Segment Start: Input data

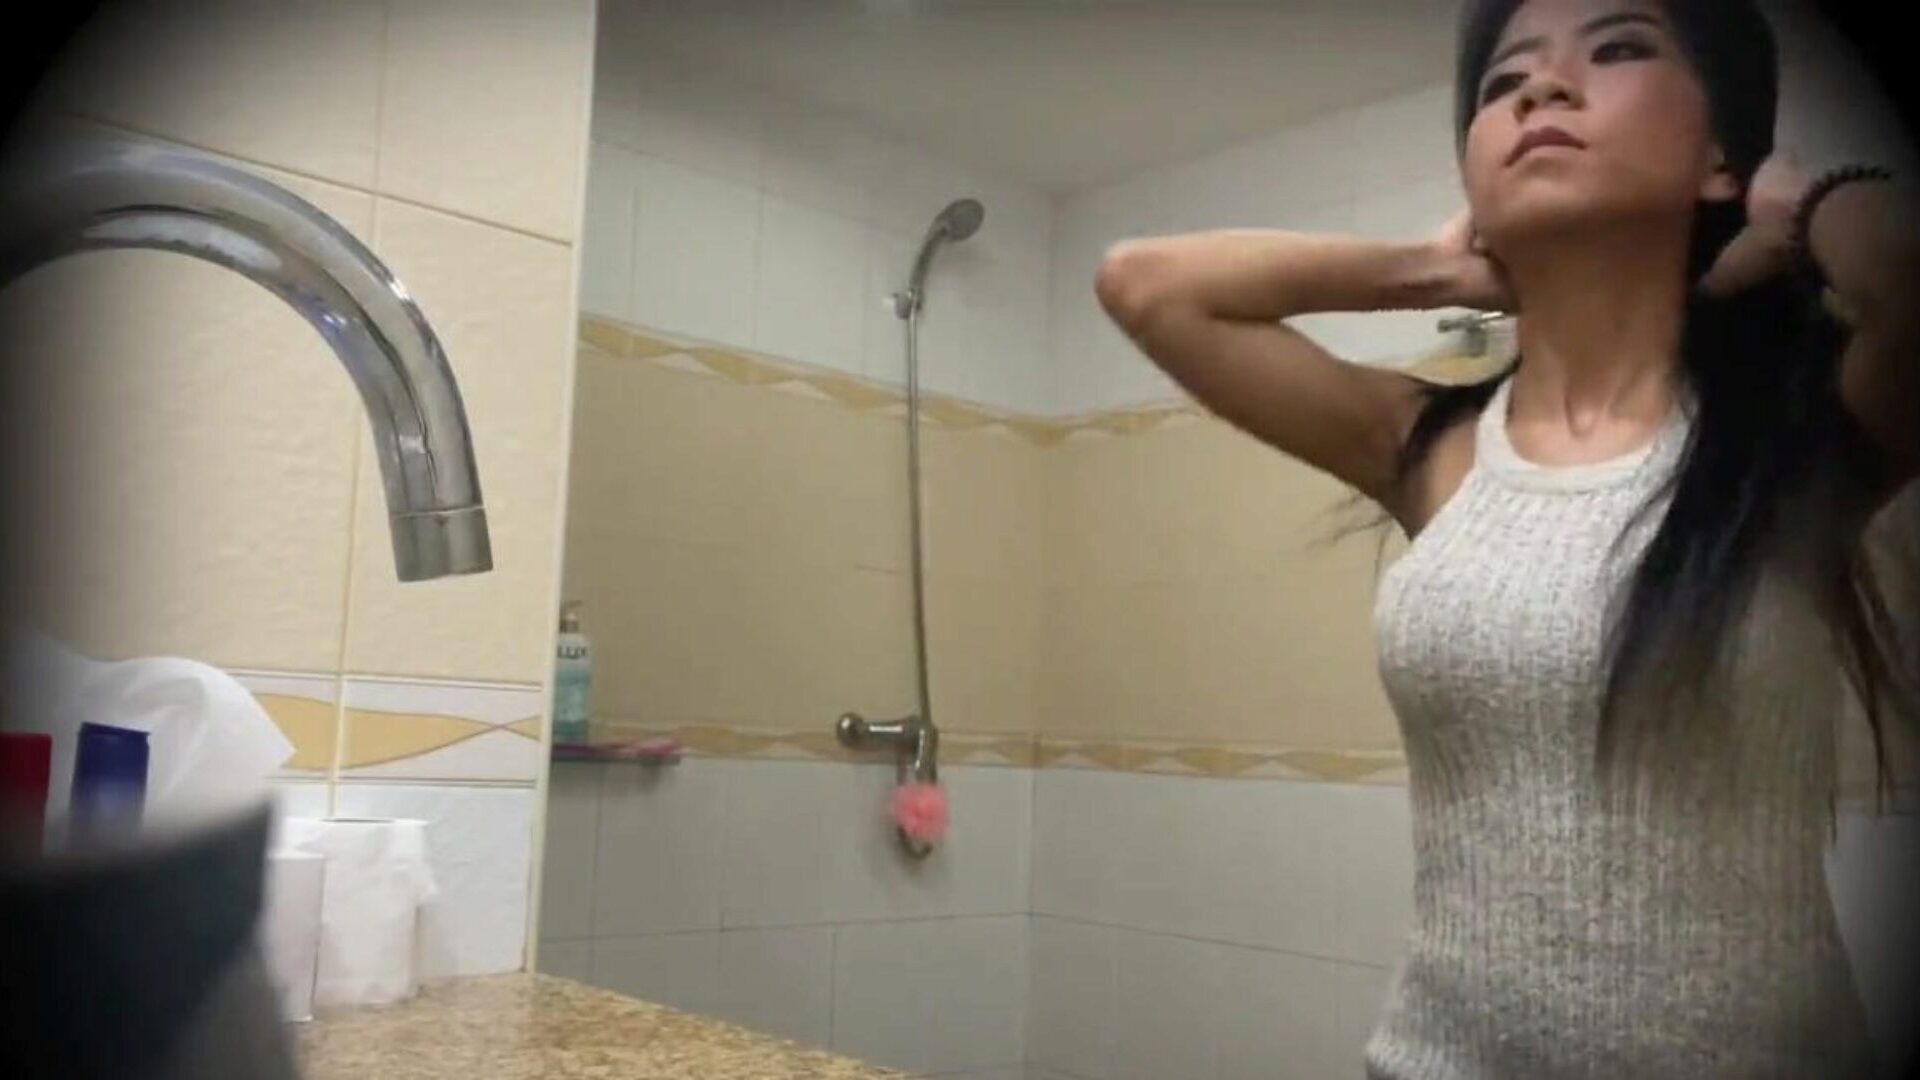 hermosa prostituta tailandesa follada en cámara oculta: bf porno mira hermosa prostituta tailandesa follada en cámara oculta video en xhamster - la mejor selección de videos de tubo porno gonzo de adolescentes asiáticos hd gratis para todos
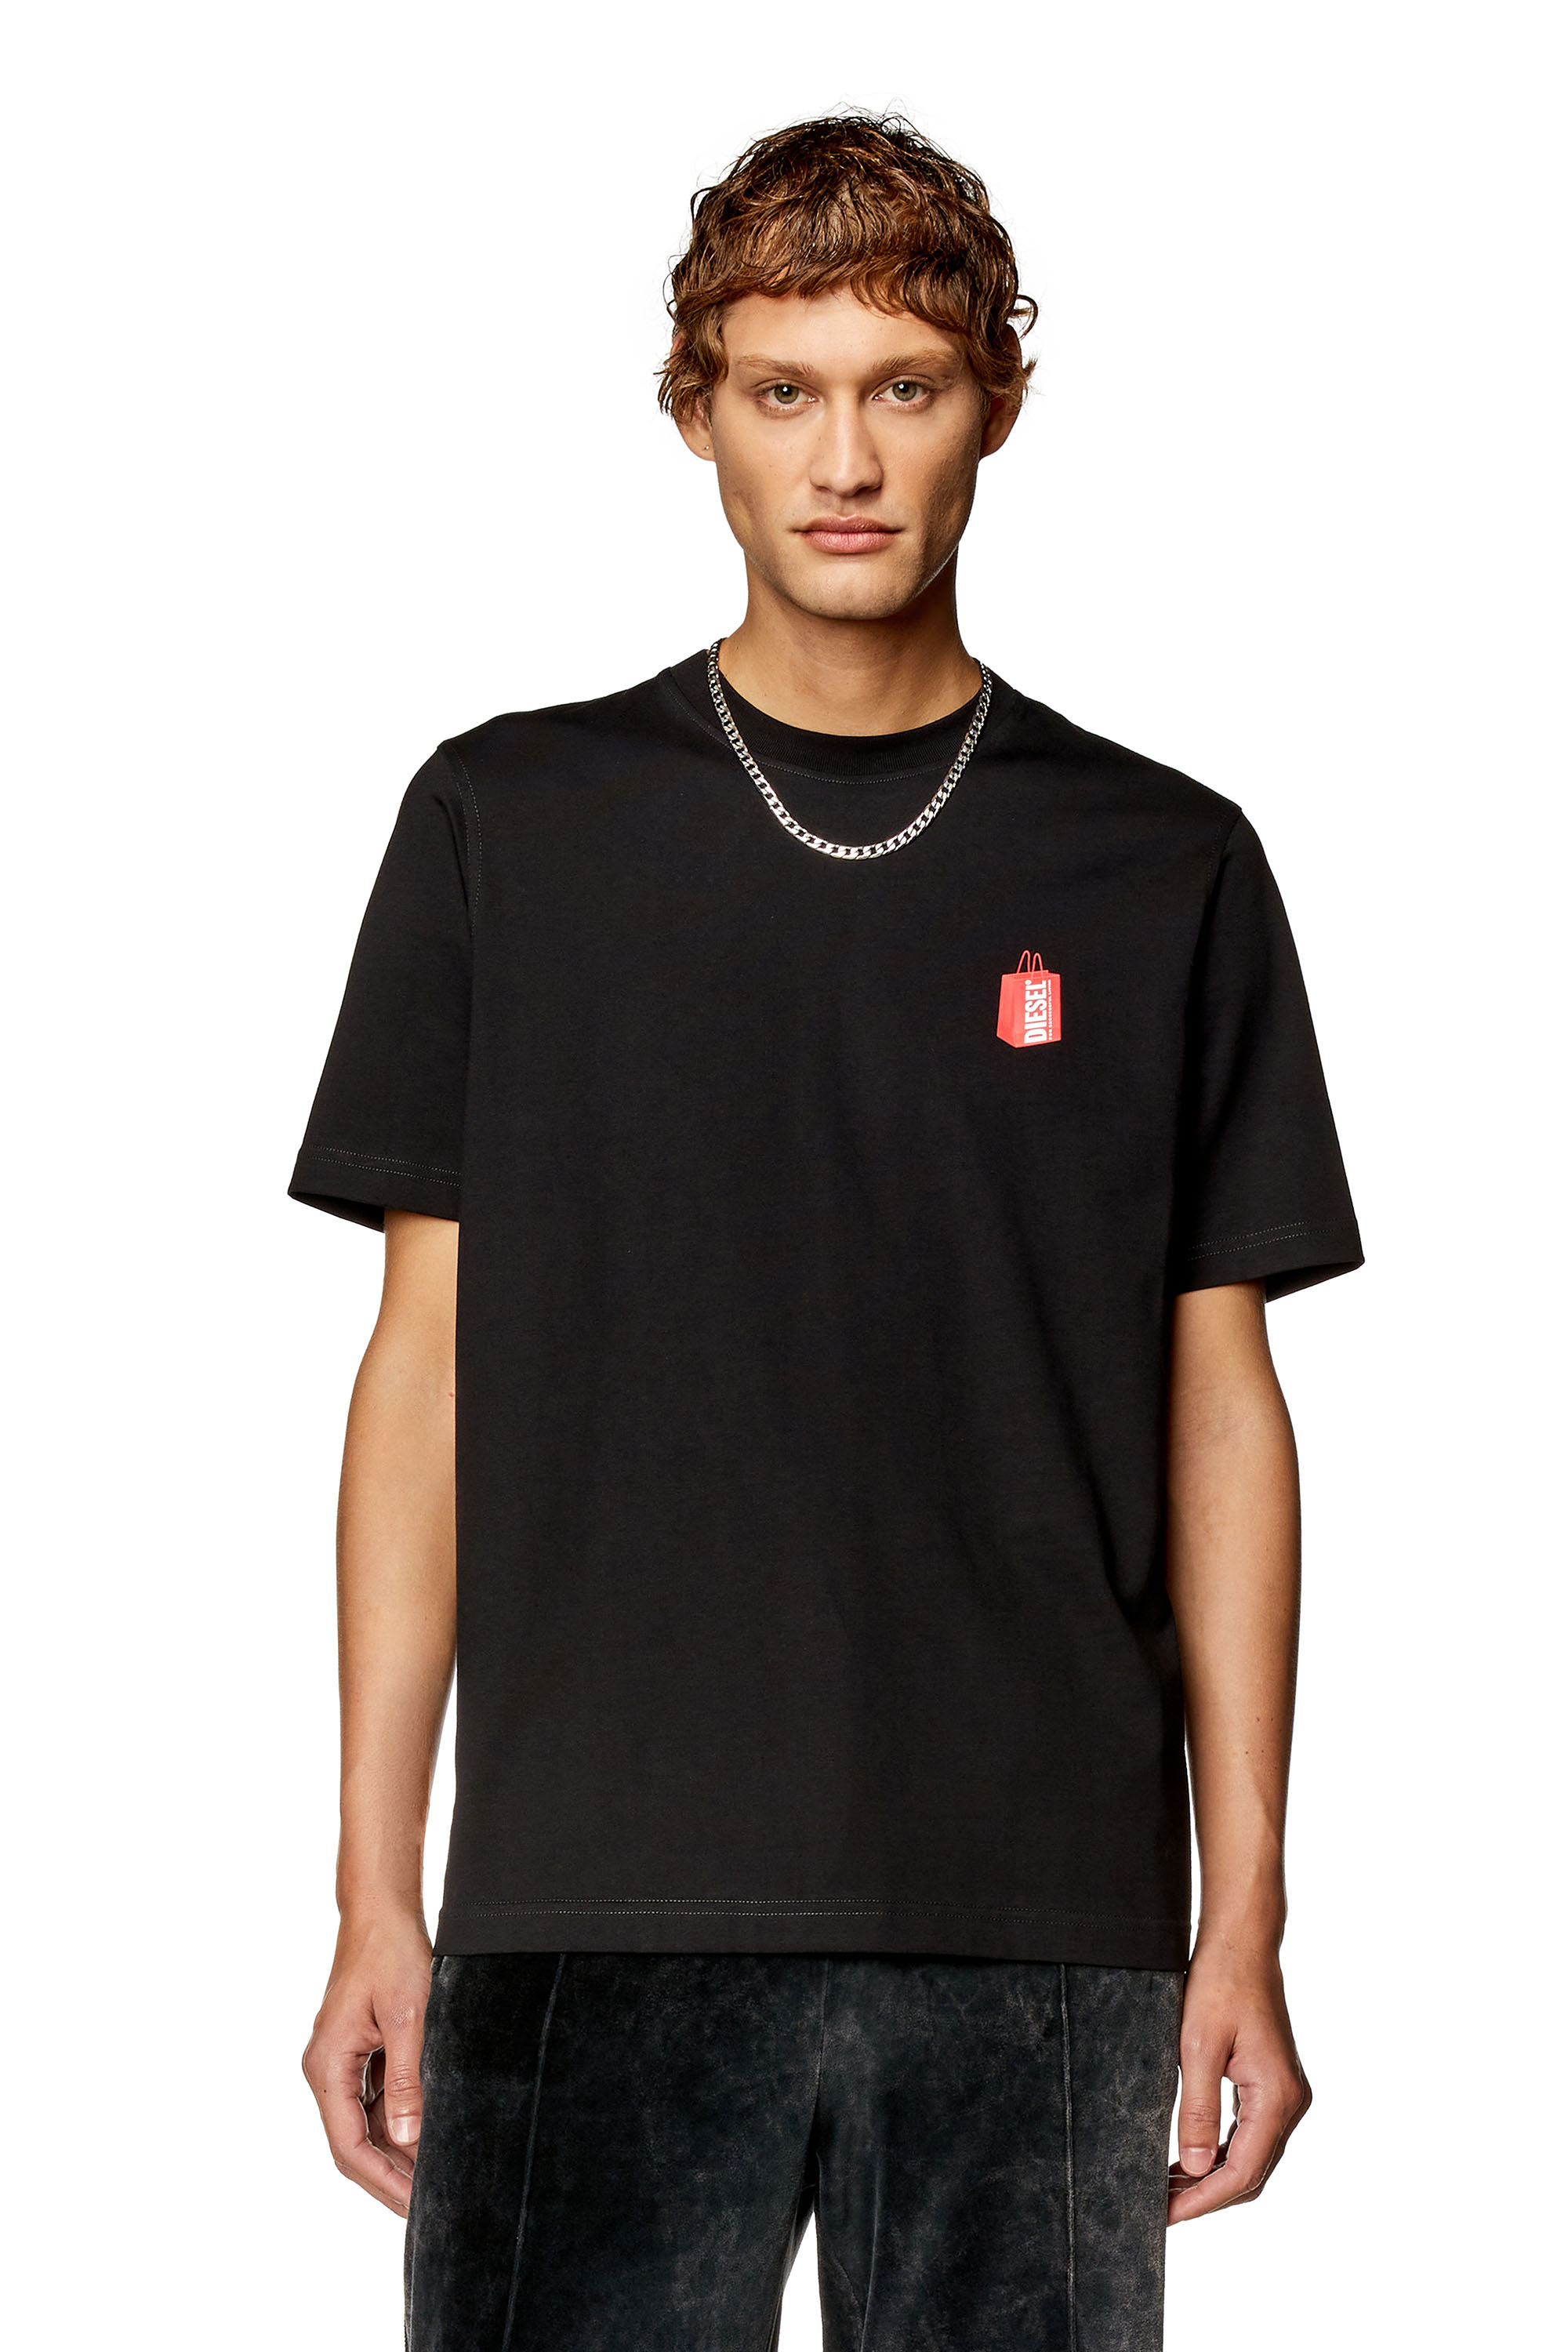 Diesel - Camiseta con estampado de bolsa de Diesel - Camisetas - Hombre - Negro
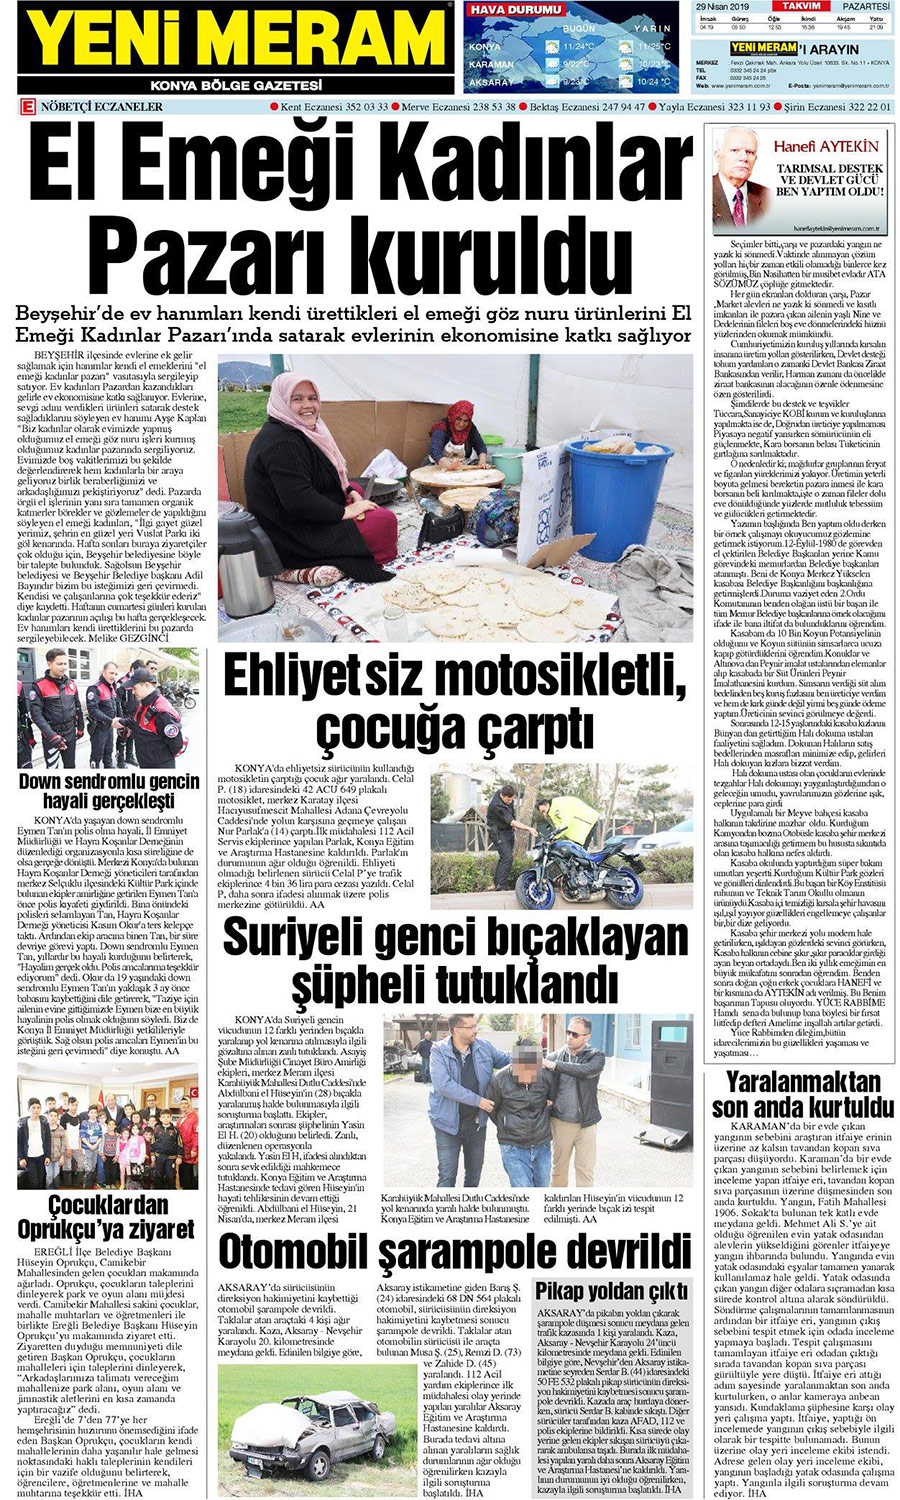 29 Nisan 2019 Yeni Meram Gazetesi

Segment End: Input data

Could you give the listing again exactly, minus its pictures?

• _Exercise result_
 hermosa prostituta tailandesa follada en cámara oculta: bf porno mira hermosa prostituta tailandesa follada en cámara oculta video en xhamster - la mejor selección de videos de tubo porno gonzo de adolescentes asiáticos hd gratis para todos
 Diesel - Camiseta con estampado de bolsa de Diesel - Camisetas - Hombre - Negro
 29 Nisan 2019 Yeni Meram Gazetesi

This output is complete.